Выбрать главу

И вот и поныне каждый год двадцать третьего мая идут к «имениннику» с дарами те, кто собирается выпросить взамен всяческие жизненные блага…

— Вот отсюда их и выход бывает, — поясняет водитель, когда мы проезжаем заброшенное, с покосившимися крестами кладбище Макарьевской слободки.

Лучший символ вряд ли можно придумать!

Шофер включает скорость — хочется поскорее нагнать паломников.

Вскоре на дороге попадается еле плетущаяся старушонка в темном ситцевом платье и черном платке, повязанном так, что видны только глаза. В одной руке у нее берестяной бидончик для «святой» воды, в другой — посох.

Шофер усмехается:

— Самый настоящий экспонат паломницы, хоть сейчас в музей.

Я прошу его остановиться и приглашаю бабушку в машину. И вот, хотя паломничать полагается пешком да к тому же босиком, чтоб «ноги потрудились», старушенция, пробормотав скороговоркой: «Благословись, не грех», проворно взбирается на мягкое сиденье.

— Что же это ты, бабушка, одна-одинешенька идешь? — спрашиваю.

— И, милая! — сердито шамкает она беззубым ртом. — Да разве из нашей деревни Малое Мясниково кого сговоришь? Молодежь-то, она и слушать не хочет! Да и что с молодых за спрос, ежели старики, забывши прародителей своих обещания, деловых потреб ради и леностью одержимы, идти не хотящи? — Она обиженно моргает красными слезящимися глазками.

Через полчаса мы подсаживаем в машину еще одну паломницу — бабушка Наталья с пятилетней внучкой Людочкой идут из села Мурыгино добрых километров десять. Ребенок уже порядком устал и просится домой.

— Вот ведь дите малое, неразумное, никак не уразумеет, что ради нее мы в такую дальнюю дорожку отправились, — словоохотливо поясняет бабушка Наталья Петровна. — Болела она у нас. Очень плоха была. В больнице-то ее всякие доктора разными лекарствами пичкали, а помог только Никола. Я ему, всемогущему, денно и нощно поклоны клала.
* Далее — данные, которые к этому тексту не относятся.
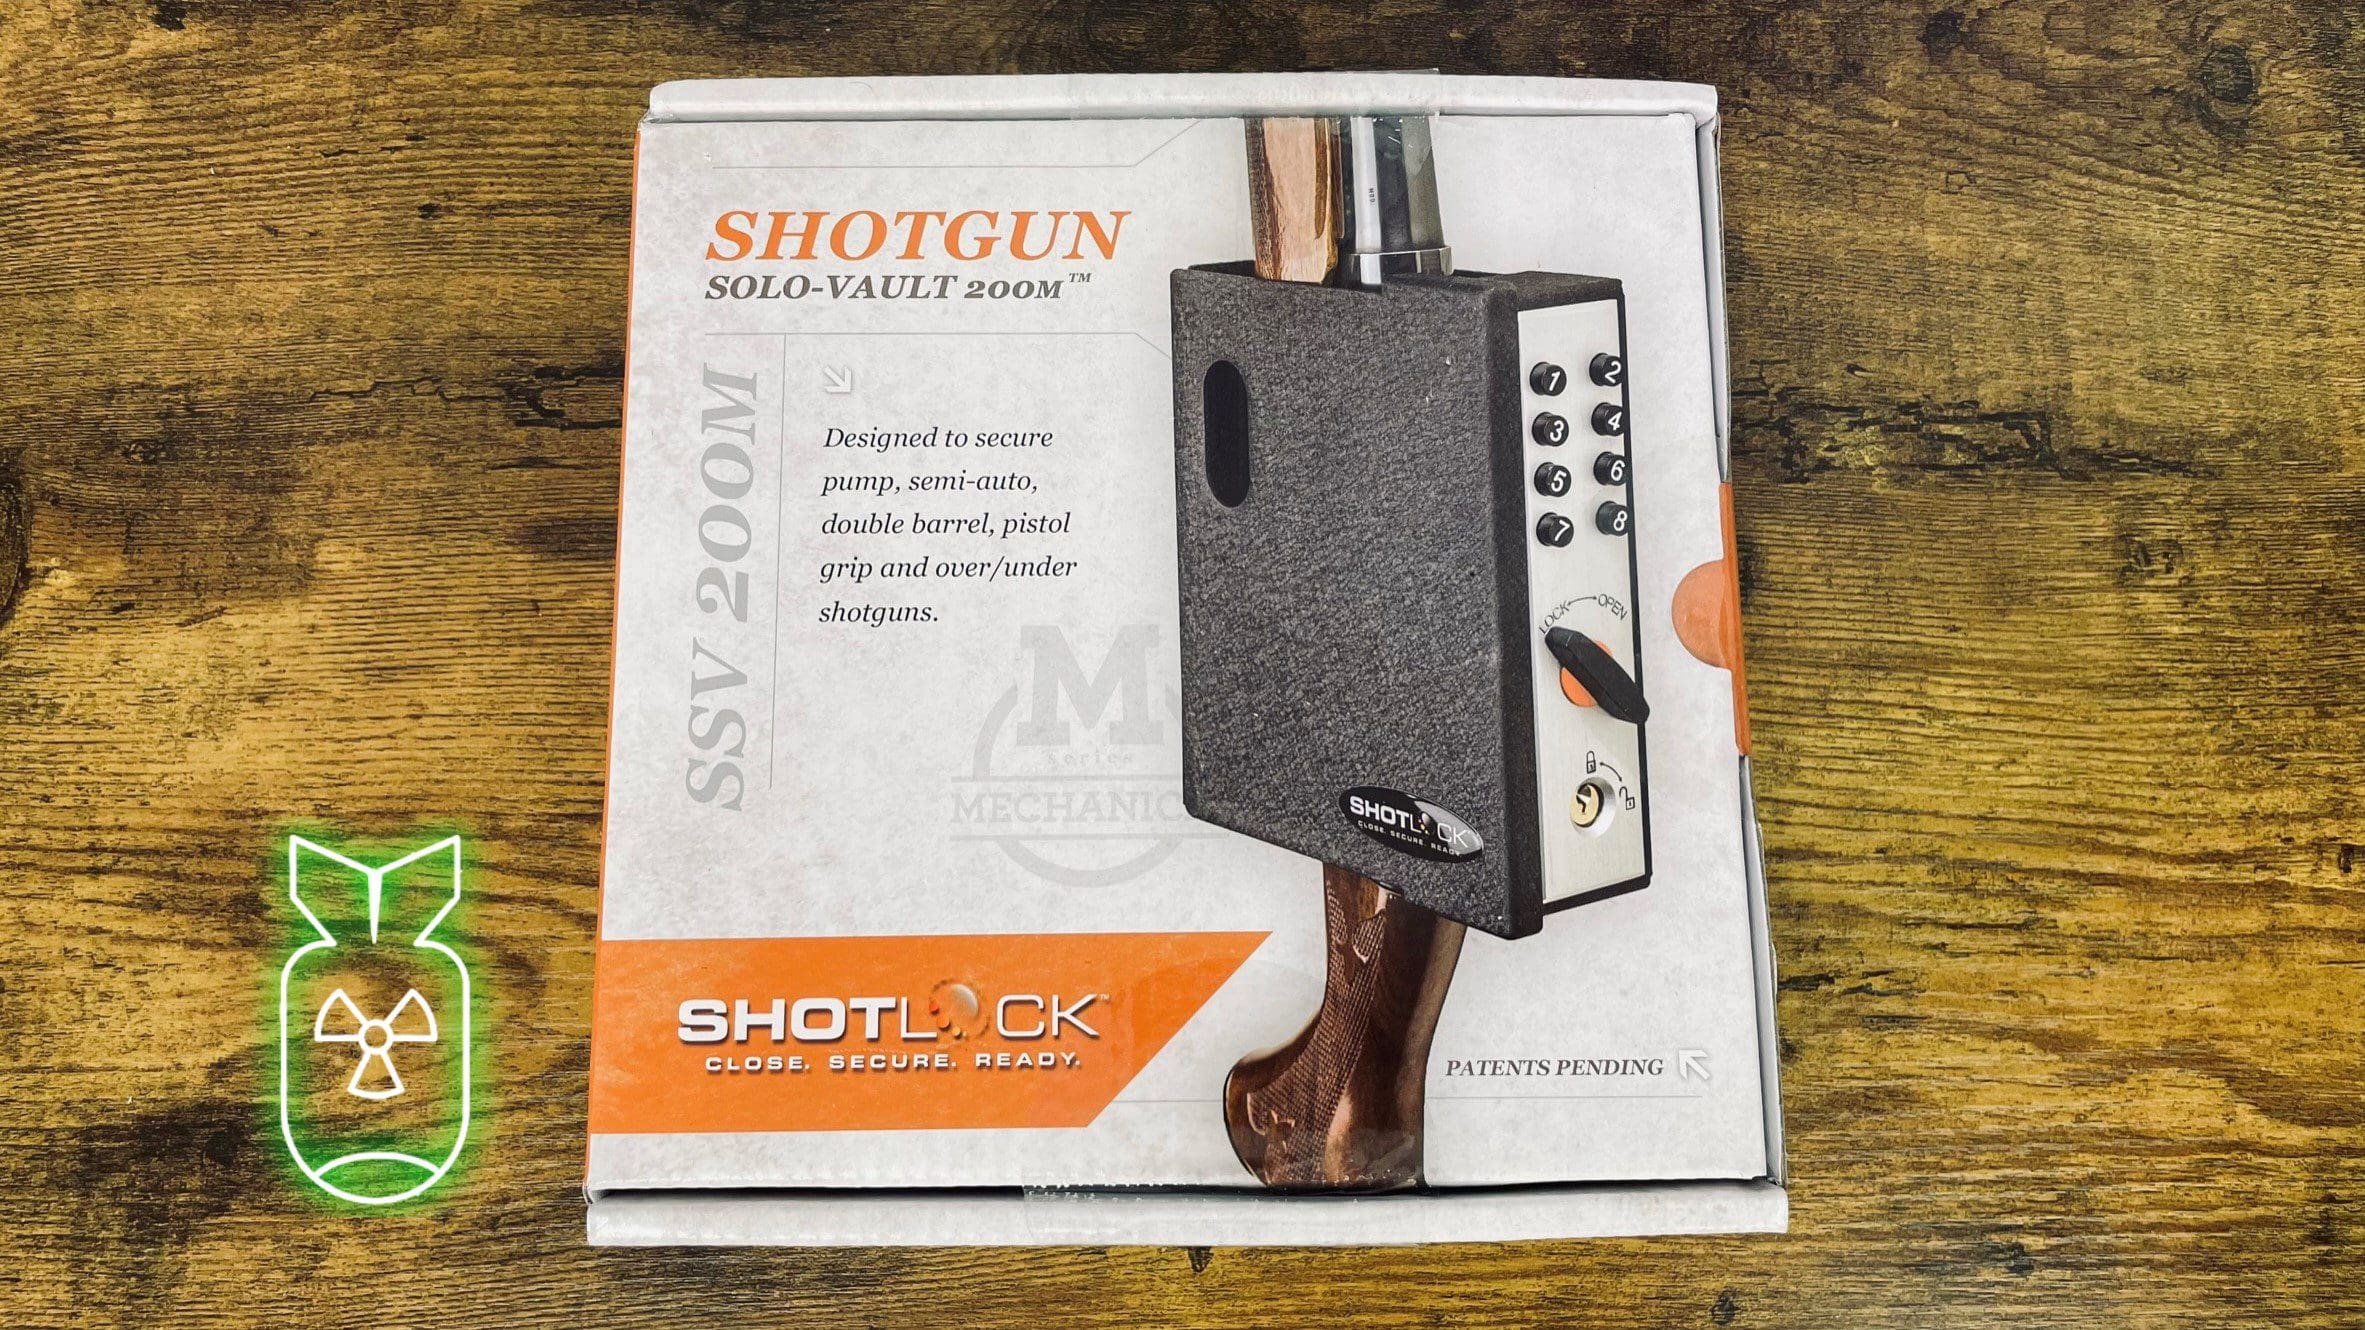 ShotLock 200M Solo-Vault Shotgun Safe

Вот идем благодарить милостивца, — Наталья Петровна мелко и часто крестится.

— Вот она, серость-то! — сплевывает водитель. — Медицина лечит, а спасибо всемогущему! — И он жмет на все 120 километров, видимо решив протрясти мозги паломникам.

Так с ветерком мы и мчимся, но вдруг шофер резко тормозит. Под кустом валяется разновидность паломника мужского рода — храпит с блаженным видом, задрав к небу козлиную бородку. Рядом — опорожненная не от водички, а от водочки поллитровка.

— Богу соизволящу, попускающу, — укоризненно шепчет Наталья Петровна.

— Добрый он у вас бог, как я посмотрю, — зло говорит шофер. — У нас за такое сразу права отбирают.

Впереди показывается толпа, и водитель, чтобы я могла все как следует разглядеть, замедляет ход.

Извиваясь ужом, ползет у обочины черная вереница. Головы в черных платках понуро опущены. Лиц не видно. По сгорбившимся спинам нетрудно понять, что у каждого за плечами не только котомка, но и более полувека жизни. На груди тускло поблескивают образки. Слышится заунывное пение: «Святитель Христов Николае, моли бога о нас». И снова: «Святитель Христов Николае…» Кто-то пытается затянуть дальше, но сбивается — знают только азы.

А что, если…

— Сворачивай-ка, дорогой товарищ, в кусты, — прошу я недоумевающего шофера. — Дальше не поеду, раздумала.

Старушки испуганно вскидываются — топать для бога еще добрых семьдесят километров им не очень-то улыбается.

Успокаиваю:

— Вас доставят до самого места. А я выйду здесь.

Шофер хмурится. Напоминаю ему, что за проезд заплачено в оба конца.

— Да не об деньгах речь, — досадливо морщится парень и трет заляпанное грязью окно. — Сорок тысяч километров наездил… И геологов возил, и строителей возил. А теперь вот дожил комсомолец Суетин — богомолок доставлять начал!.. — Он с сердцем захлопывает за мной дверцу такси…

2

И вот я очутилась на дороге с маленьким чемоданчиком в руках. На мне неказистое темное платьице, на голове неброская косыночка. Цепочка с медальоном, пожалуй, сойдет за спрятанный на груди крестик.